Assigned task: Repeat nothing but the lines below running from the one containing "Giant inflatables has" to the one containing "A deserted, empty, abandoned". Keep both end lines.

Stored data:
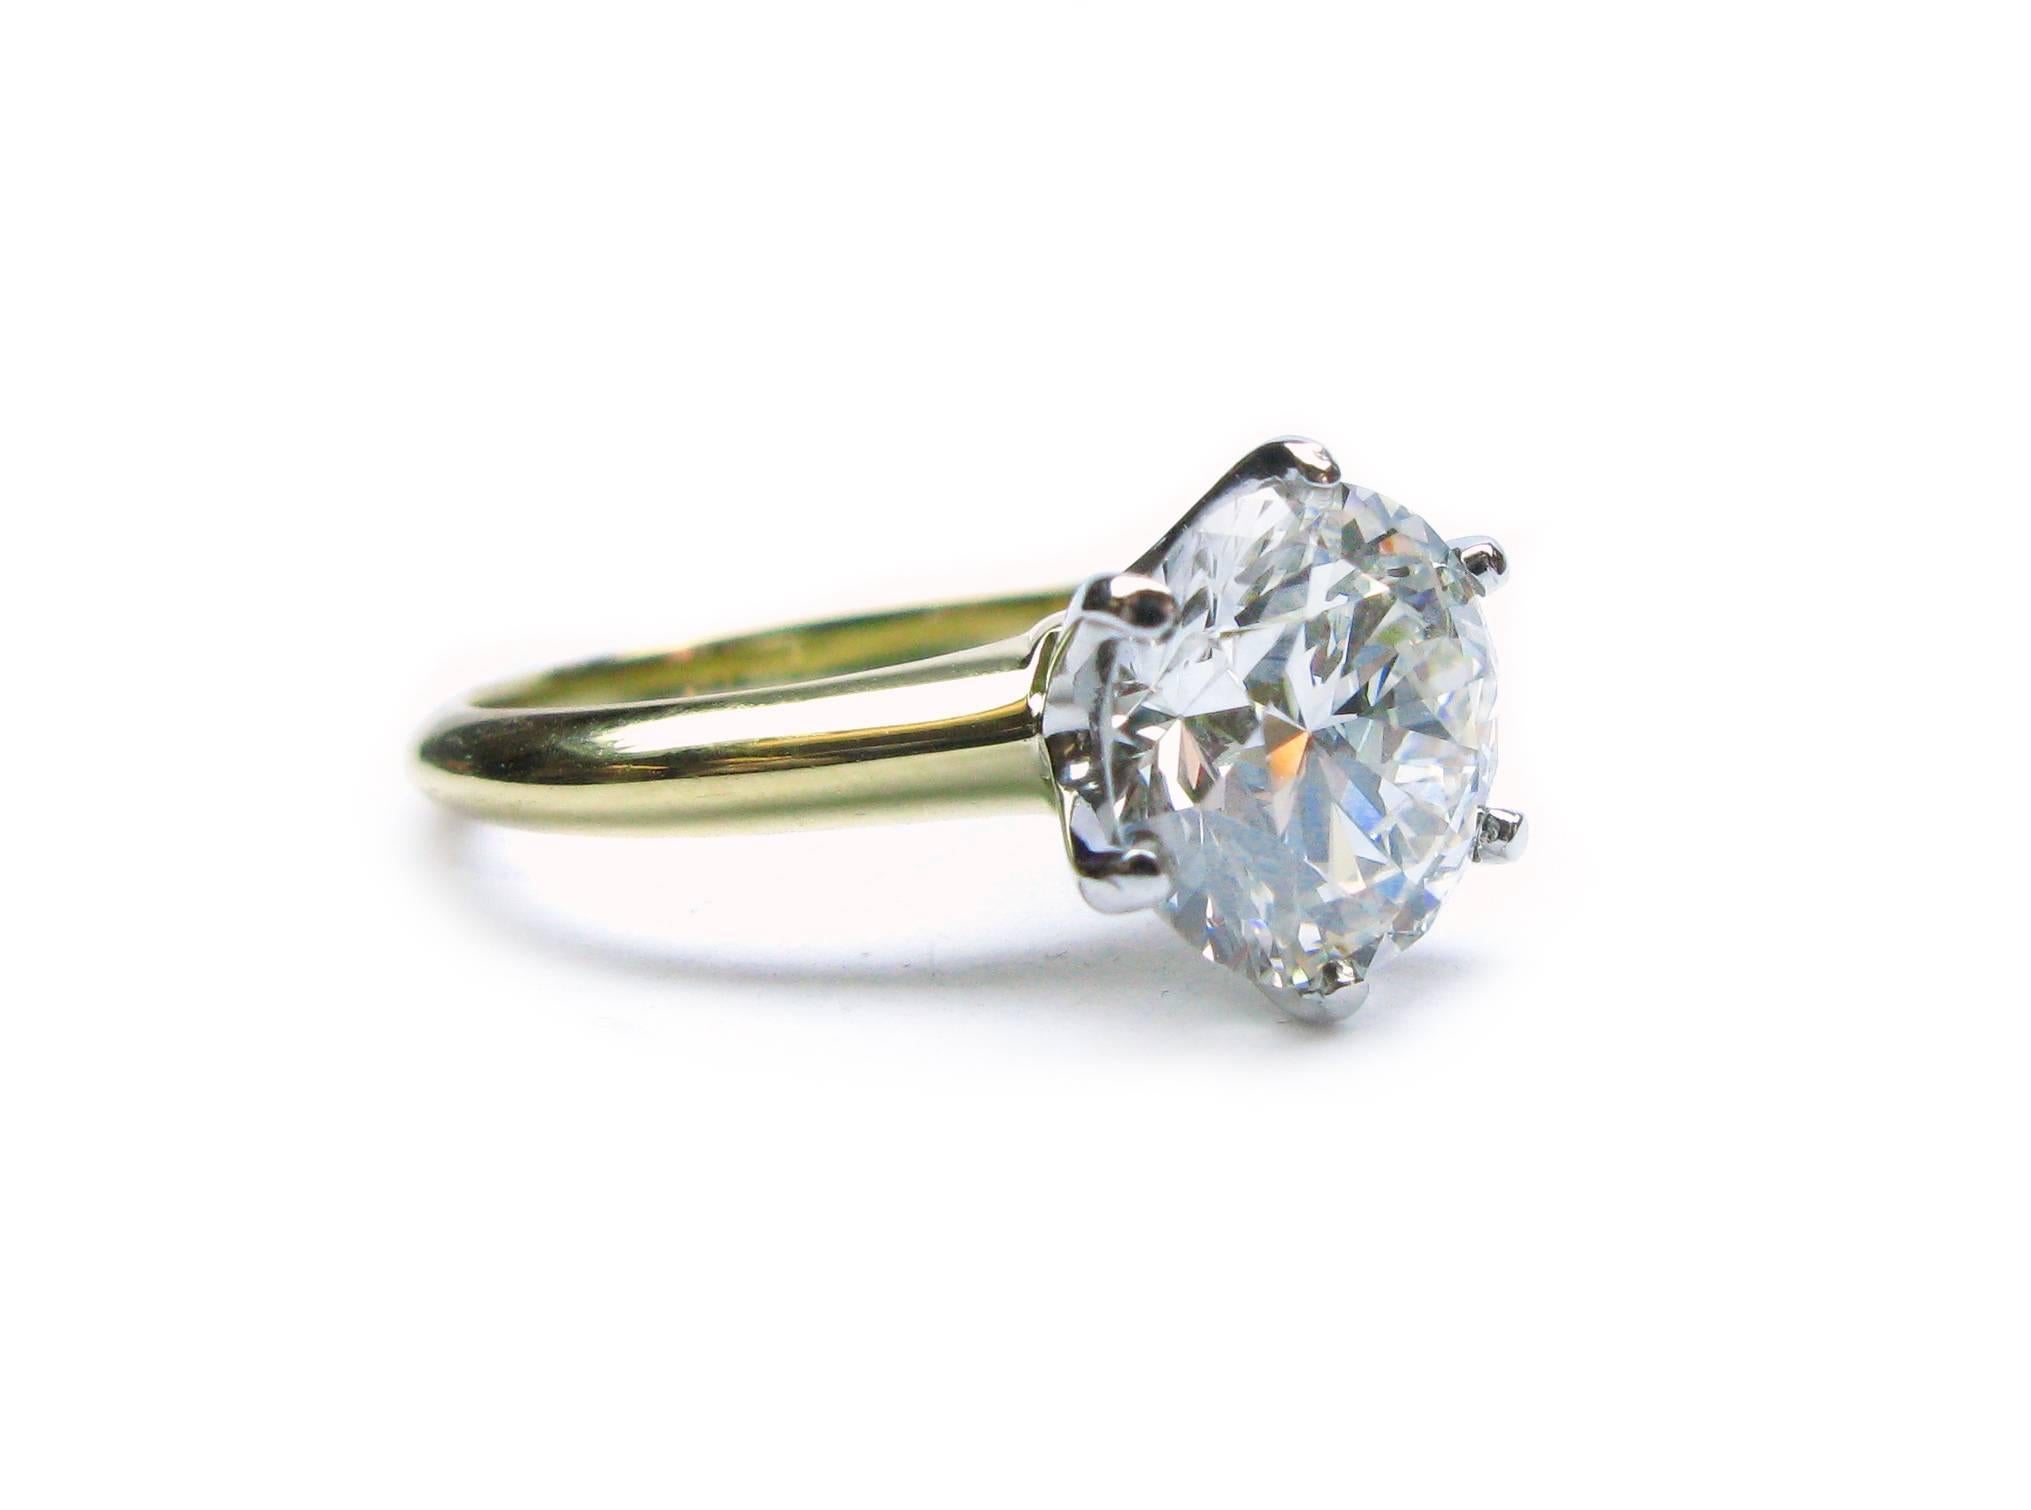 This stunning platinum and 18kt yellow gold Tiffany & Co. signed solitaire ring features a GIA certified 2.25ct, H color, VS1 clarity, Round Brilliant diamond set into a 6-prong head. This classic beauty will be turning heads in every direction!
* * *
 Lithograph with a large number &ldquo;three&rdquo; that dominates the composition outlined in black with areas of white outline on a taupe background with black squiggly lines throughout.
...
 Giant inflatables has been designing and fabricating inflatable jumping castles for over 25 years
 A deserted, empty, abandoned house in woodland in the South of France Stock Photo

Answer space:
 Giant inflatables has been designing and fabricating inflatable jumping castles for over 25 years
 A deserted, empty, abandoned house in woodland in the South of France Stock Photo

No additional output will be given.